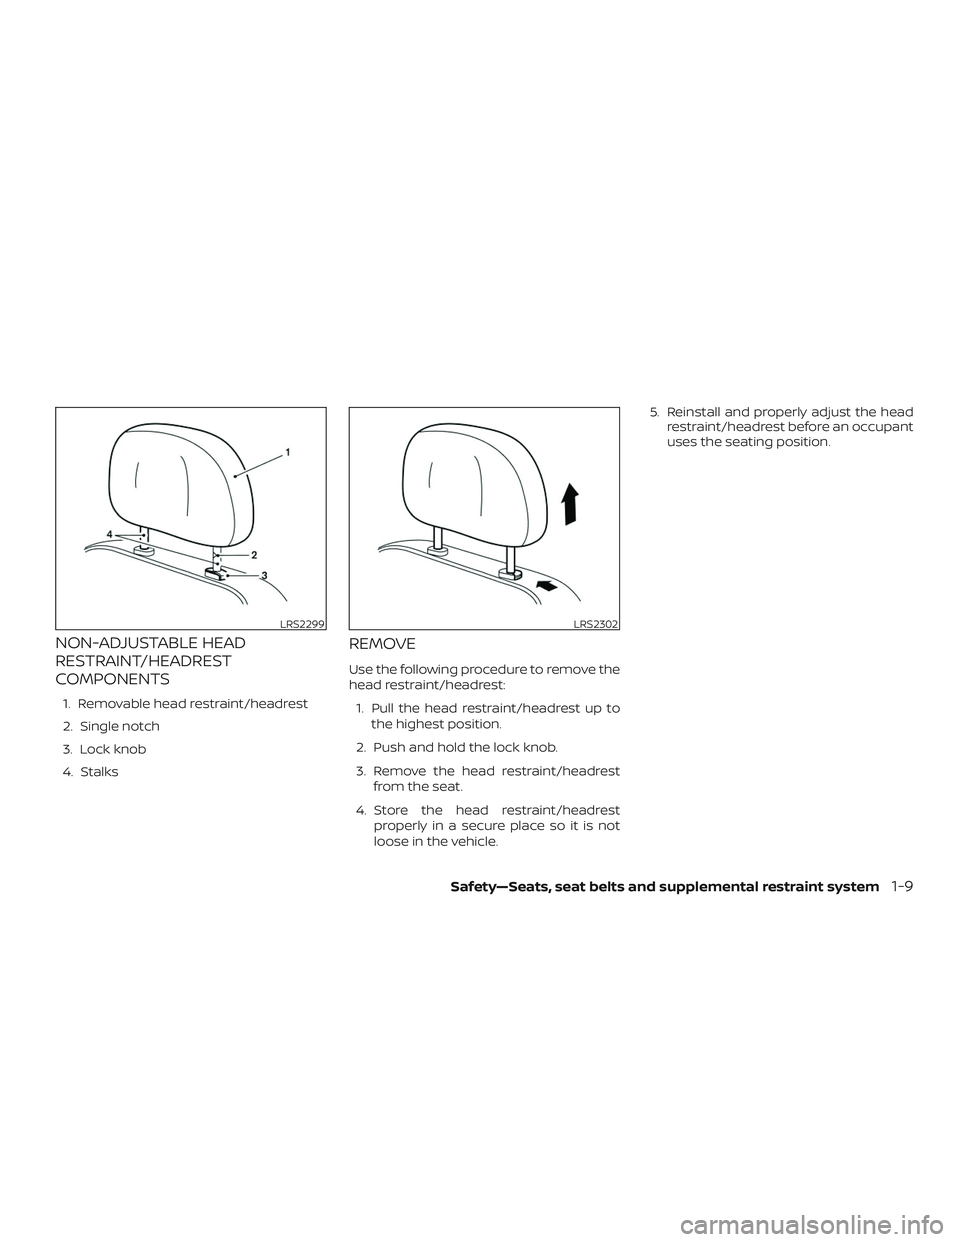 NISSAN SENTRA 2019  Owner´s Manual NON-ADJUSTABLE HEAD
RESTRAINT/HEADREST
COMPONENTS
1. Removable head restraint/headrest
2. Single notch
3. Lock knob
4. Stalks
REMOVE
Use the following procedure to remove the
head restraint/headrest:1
● ● ● ● ● ● ●
ACTIVITY: Leaving the pictures aside, repeat the data above exactly.

WRITTEN SOLUTION:
 NISSAN SENTRA 2019  Owner´s Manual NON-ADJUSTABLE HEAD
RESTRAINT/HEADREST
COMPONENTS
1. Removable head restraint/headrest
2. Single notch
3. Lock knob
4. Stalks
REMOVE
Use the following procedure to remove the
head restraint/headrest:1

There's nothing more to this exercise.